* _Data provided_:
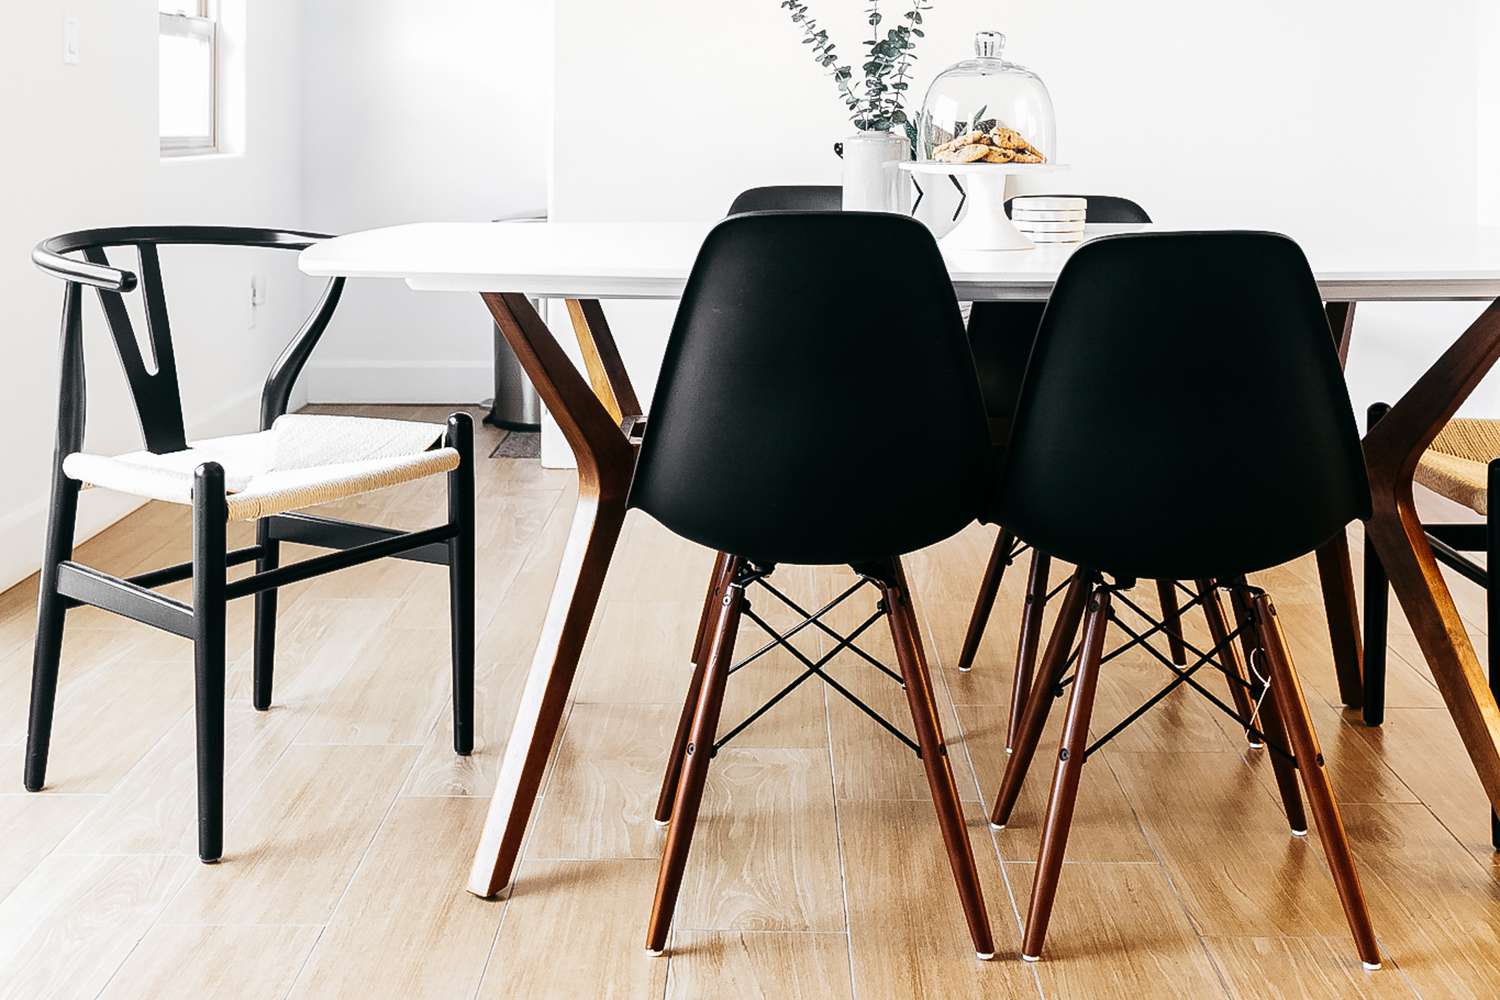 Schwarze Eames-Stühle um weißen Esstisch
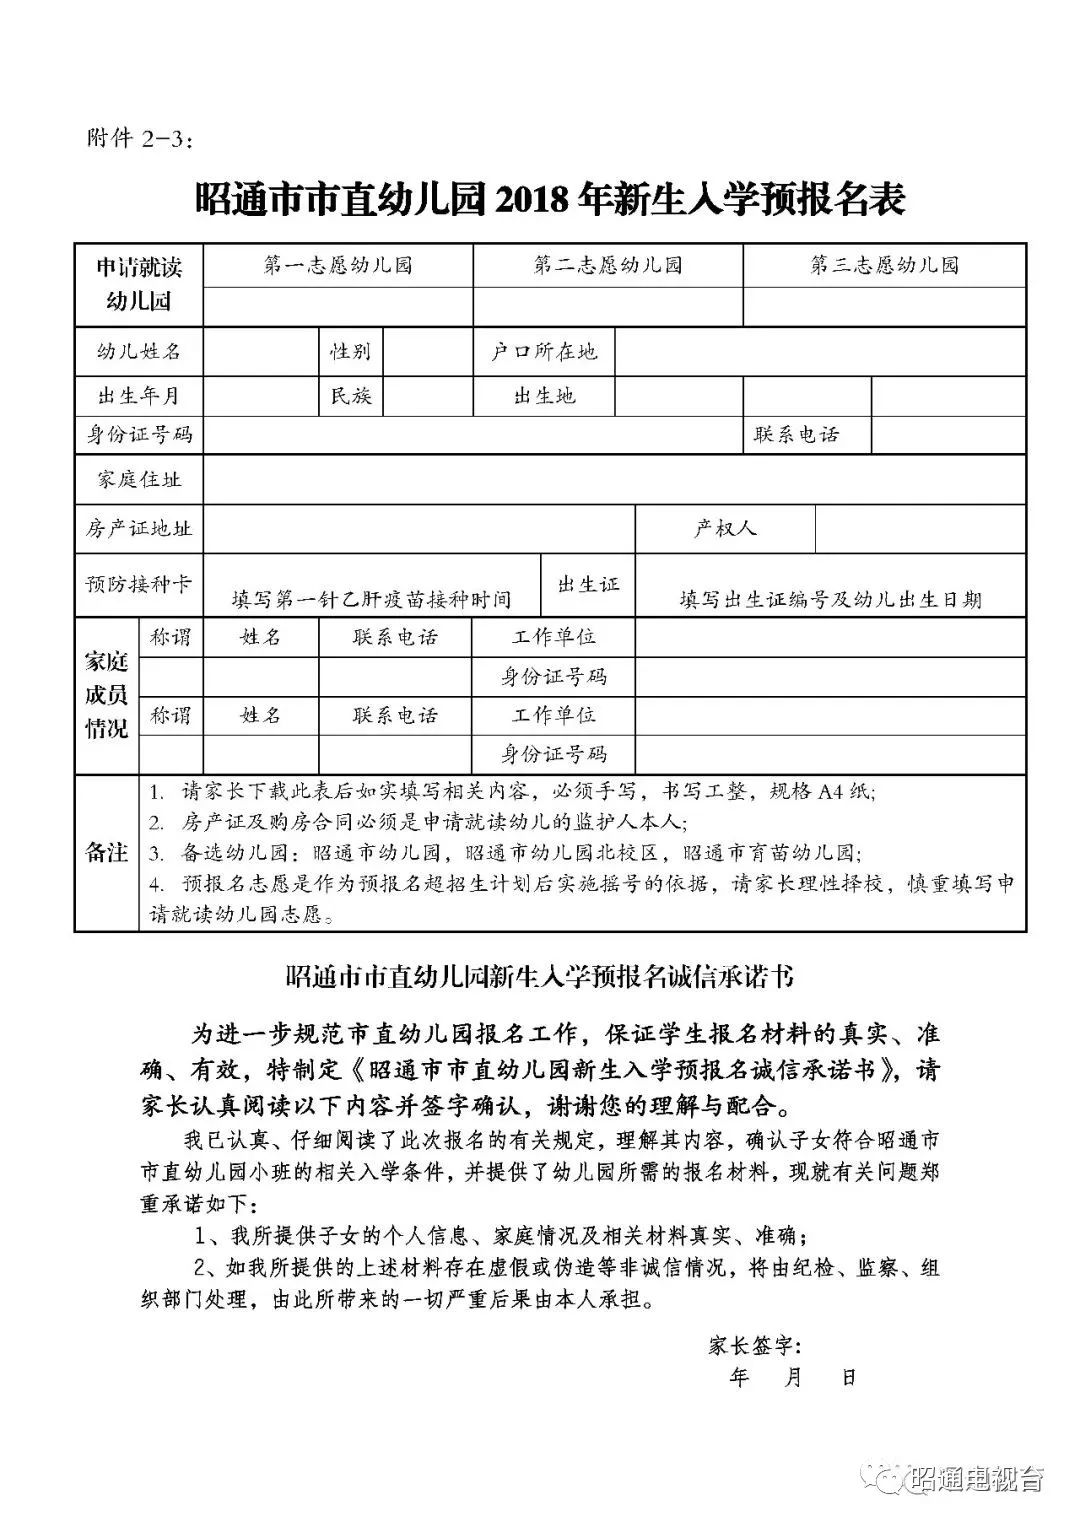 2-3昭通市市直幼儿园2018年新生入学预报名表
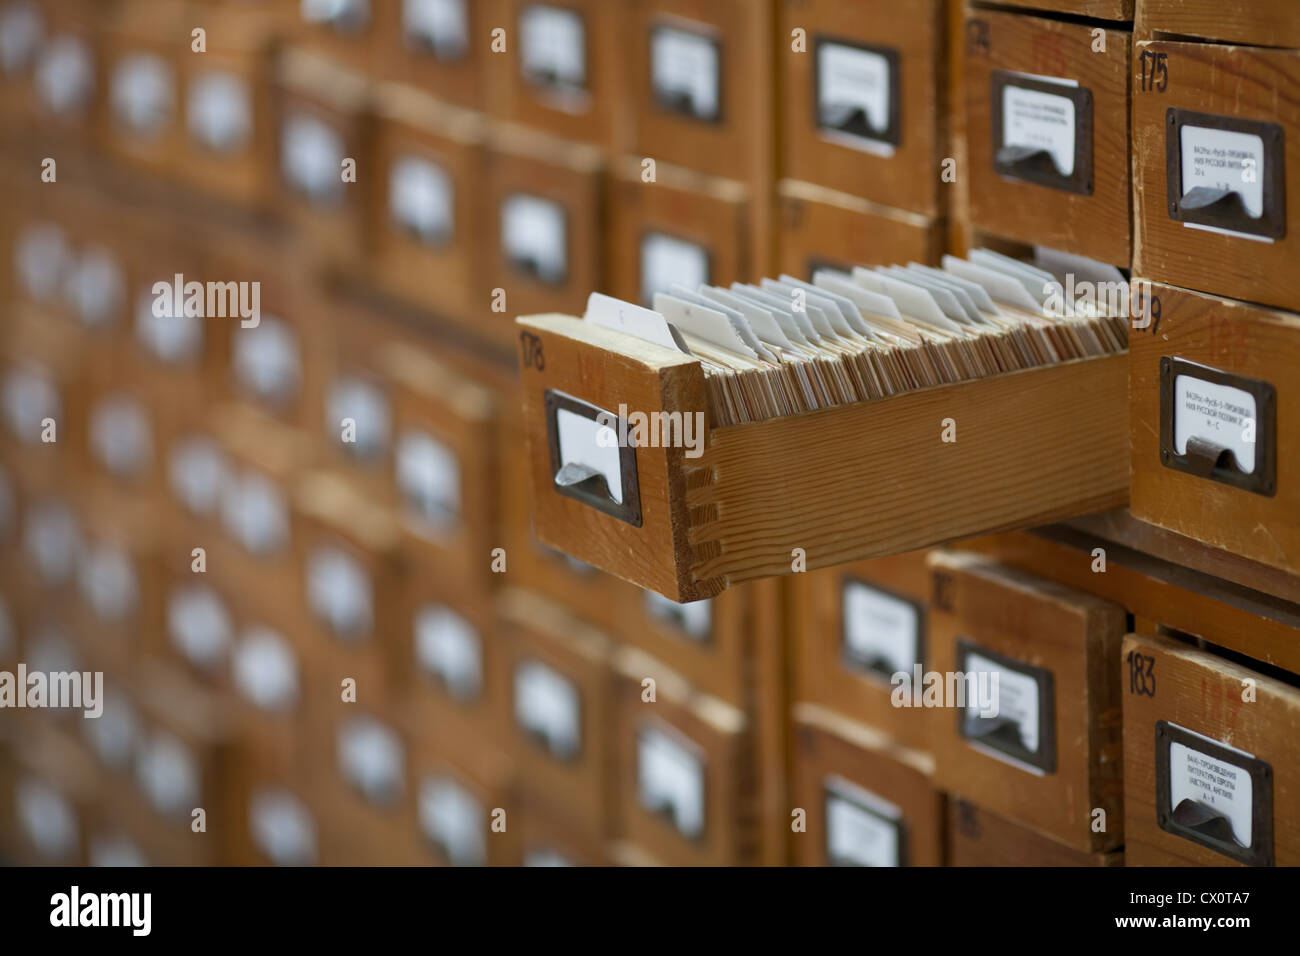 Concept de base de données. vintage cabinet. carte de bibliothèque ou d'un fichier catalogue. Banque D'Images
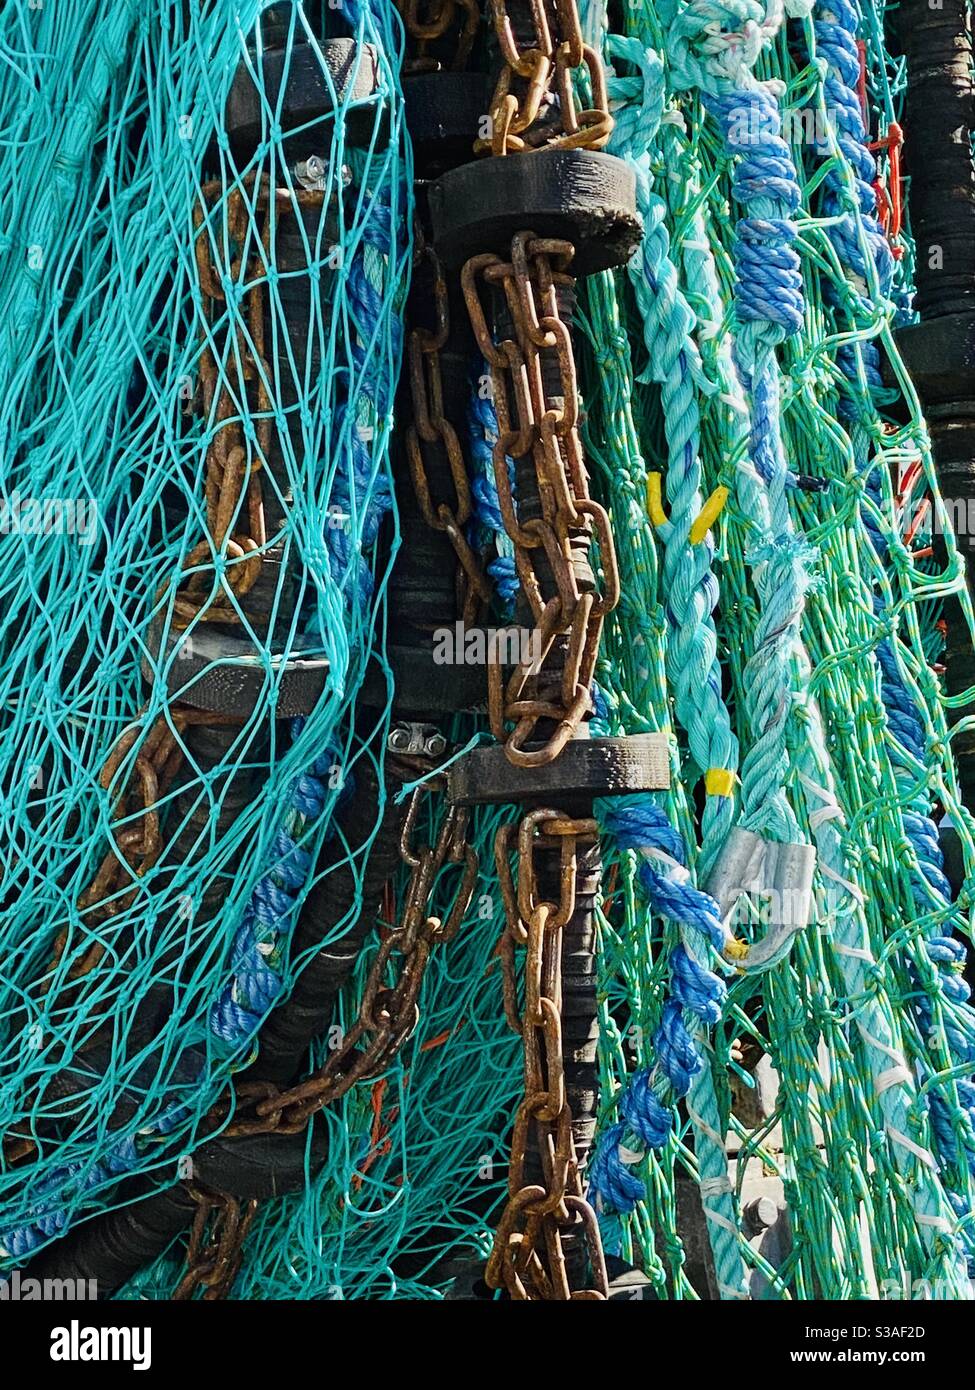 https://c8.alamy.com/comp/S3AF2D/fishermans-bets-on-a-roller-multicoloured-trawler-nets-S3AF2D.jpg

* _What you are asked to do_: Quote precisely the lines of the data from the line containing "2-3昭通市市直幼儿园2018年新生入学预报名表" through its final line, both included, excluding pictures.

* _Problem solution_:
 2-3昭通市市直幼儿园2018年新生入学预报名表
 Concept de base de données. vintage cabinet. carte de bibliothèque ou d'un fichier catalogue. Banque D'Images
 https://c8.alamy.com/comp/S3AF2D/fishermans-bets-on-a-roller-multicoloured-trawler-nets-S3AF2D.jpg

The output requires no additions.